Thank you very much for submitting your Research Article entitled 'A pair of ascending neurons in the subesophageal zone mediates aversive sensory inputs-evoked backward locomotion in Drosophila larvae' to PLOS Genetics. Thank you, also, for your patience in these times of international crisis, which unfortunately affects us all in our reviewing and editing activities.

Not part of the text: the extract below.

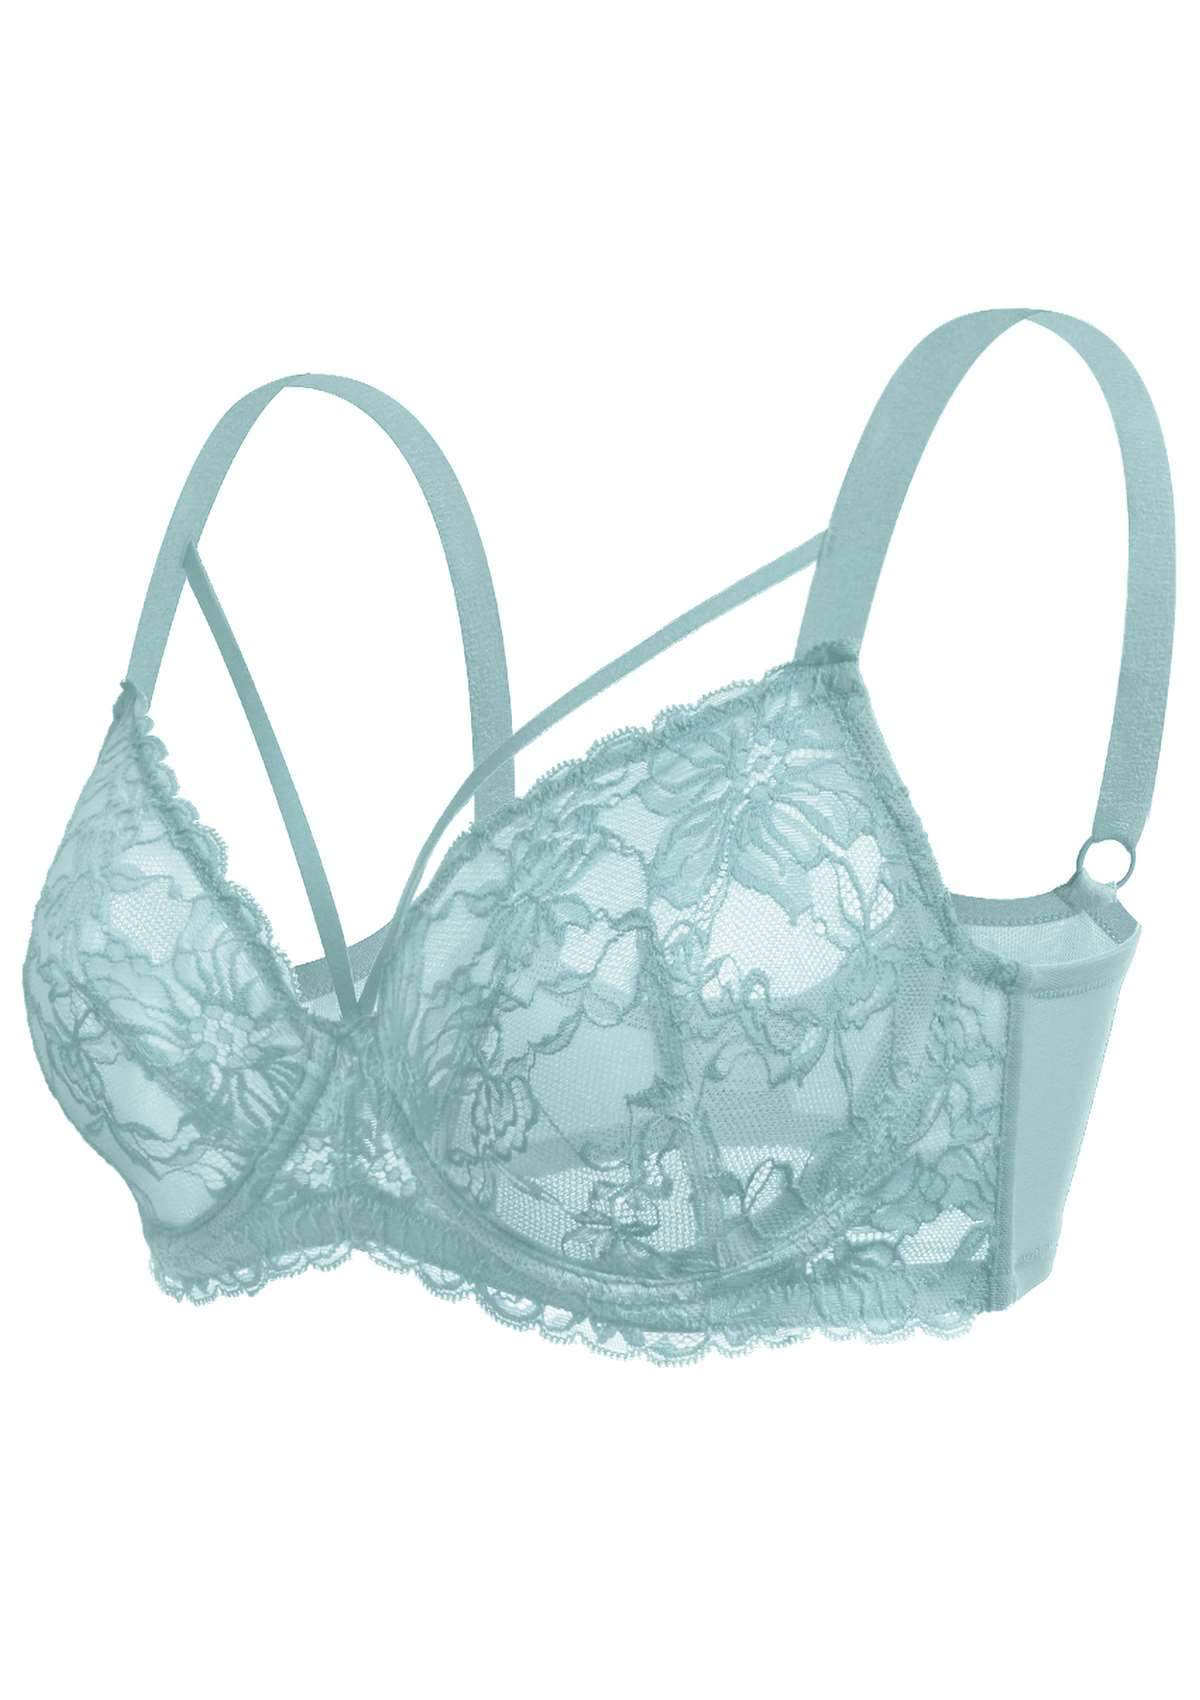 HSIA Pretty In Petals Unlined Lace Bra: Comfortable And Supportive Bra - Crystal Blue / 34 / D

Your paper was reviewed by three experts, which all agreed that the submitted work is of high interest and technical quality. However, they also raised substantial concerns that need to be addressed. In particular, two referees raised major points whether mechanical touch or light are indeed activating AMB neurons. As pointed out by the reviewers, the current data does not fully support the presented model in Fig. 13. This should ideally be addressed experimentally and should take into consideration previous work, e.g. that class IV da neuron-dependent harsh touch on the head also induces backward locomotion (Takagi et al. Neuron 2017).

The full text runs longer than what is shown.